Public transport: how to manage the health crisis?

At the beginning of 2022, the health situation and the recent governmental directives related to the reinforcement of teleworking are once again impacting the transport networks, which have not been spared by this crisis over the last two years.
According to the 2021 Mobility Observatory, a total loss of revenue of €2.3 billion and a 13% drop in public transport use (compared to 2019) are estimated in France.

Networks will therefore have to step up their efforts and invest to attract users, optimise their operating costs and adapt to new health regulations.

To meet these new economic, health and user comfort challenges, real-time occupancy rate information in public transport, both on-board and on the ground, is essential.

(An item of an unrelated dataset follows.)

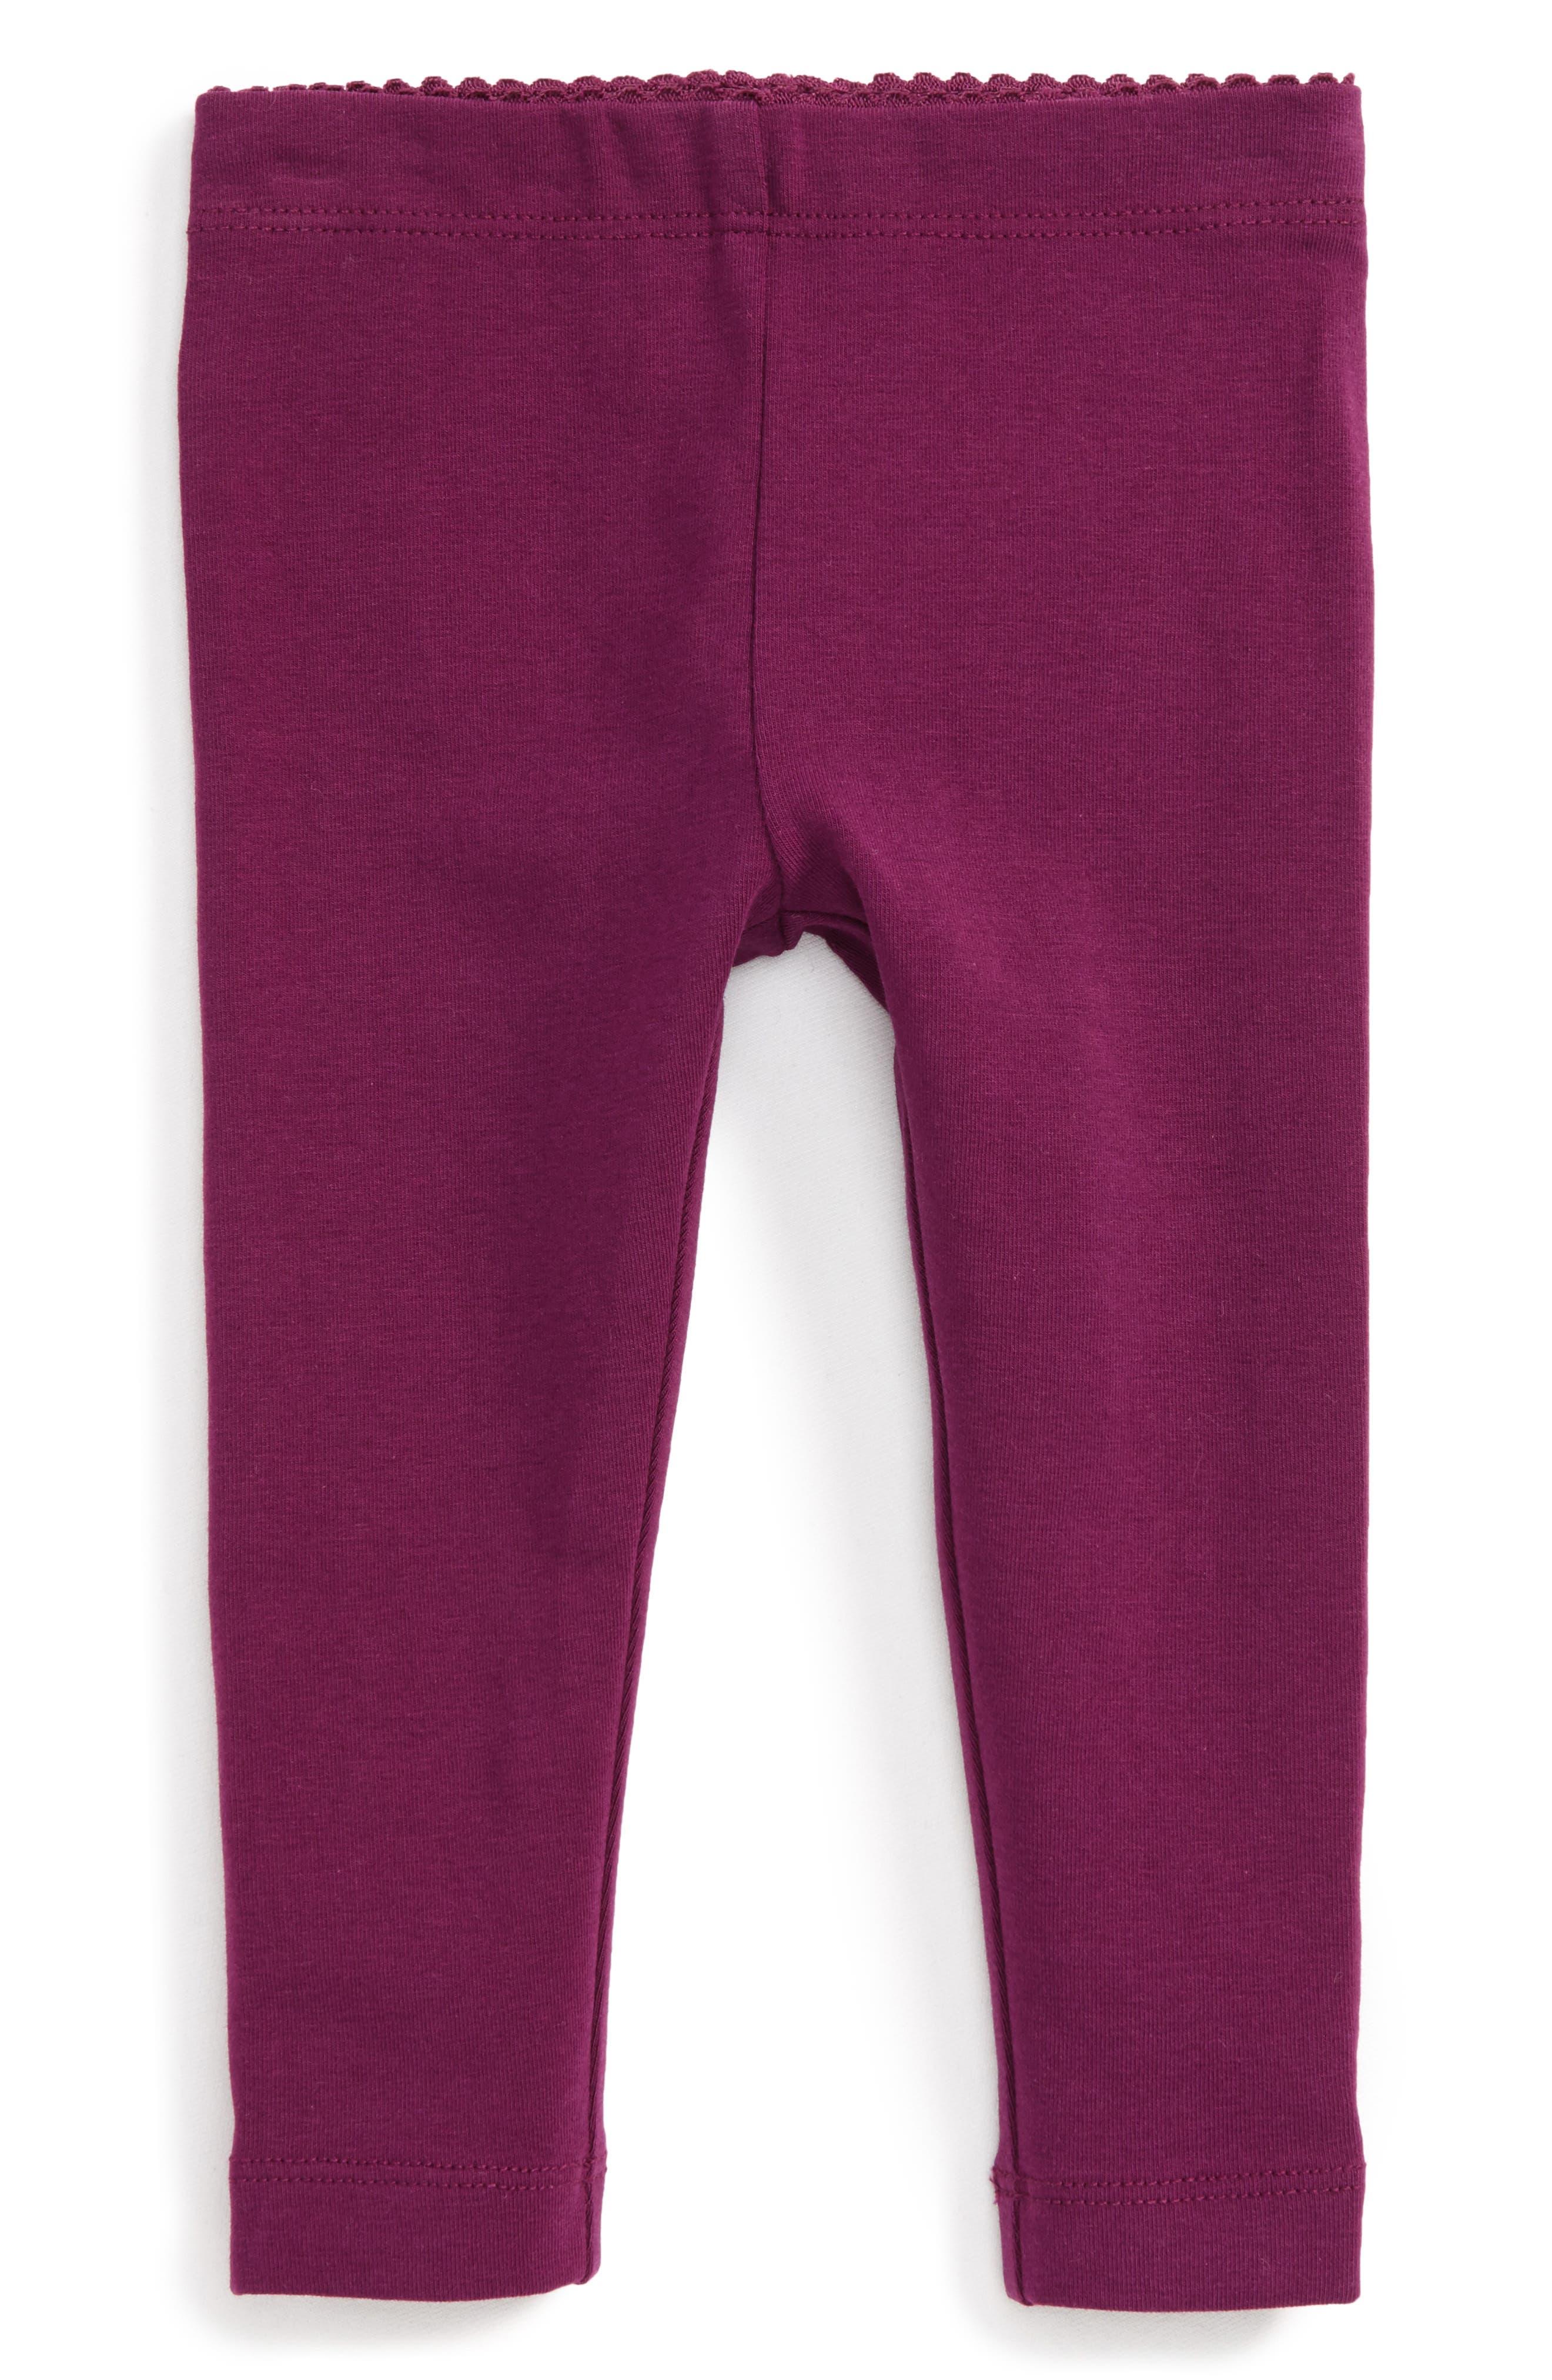 Leggings,                         Main,                         color, Cosmic Berry
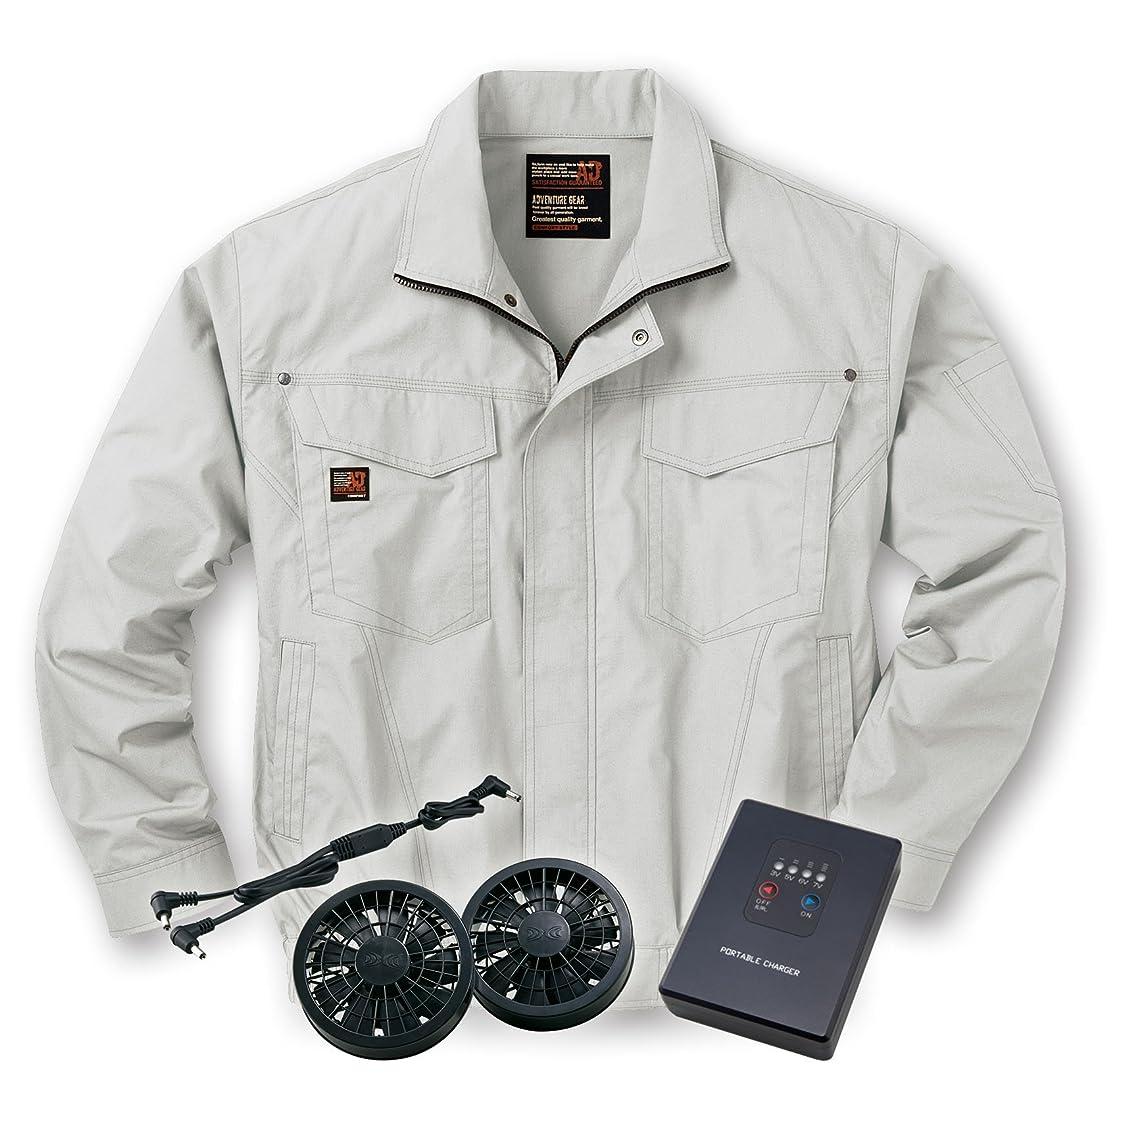 麻痺させる仕方反映する空調服ブルゾンセット (空調服+ファン+リチウムバッテリー) ss-ku91400-l XL シルバー

The collection of this precise data in real time is made possible thanks to the acquisition of automatic people counting systems via 3D stereoscopic sensors installed in vehicles such as buses, tramways and metros. Acorel is an expert in these solutions and equips some of the largest transport networks in France and abroad. In times of health crisis, the implementation of these systems is a priority in order to optimize the transport network and offer users a comfortable service.

Obtaining reliable passenger data via these solutions is a real advantage in satisfying the organising authority, which can then analyse the flow of people and adjust the offer to demand. Especially since the random use of public transport due to the increase in telecommuting and new waves of contamination is one of the new issues that transport operators must face.


Ridership on public transport

Displaying the occupancy rate per bus or train is also necessary to reassure users about the frequency of use of the vehicle they wish to board. According to the Observatoire de la mobilités 2021, 32% of people who say they use public transport less often than before the health crisis fear contamination when using it.

When a fleet is equipped with an automatic people counting system, the operator can locate vehicles and identify peak loads in order to limit the number of people on board. A user, via passenger information screens or mobile applications, can, for example, be informed of the occupancy rate of the next tram and decide not to hurry if he or she can catch the next one. All of this data is available in real time and can be used to improve the user experience, particularly in a context of health concerns.

The health crisis has created new challenges and needs for both operators and users of public transport. Automatic passenger counting solutions can therefore play an important role in enabling transport networks to adapt to this new context and allow everyone to travel every day with confidence.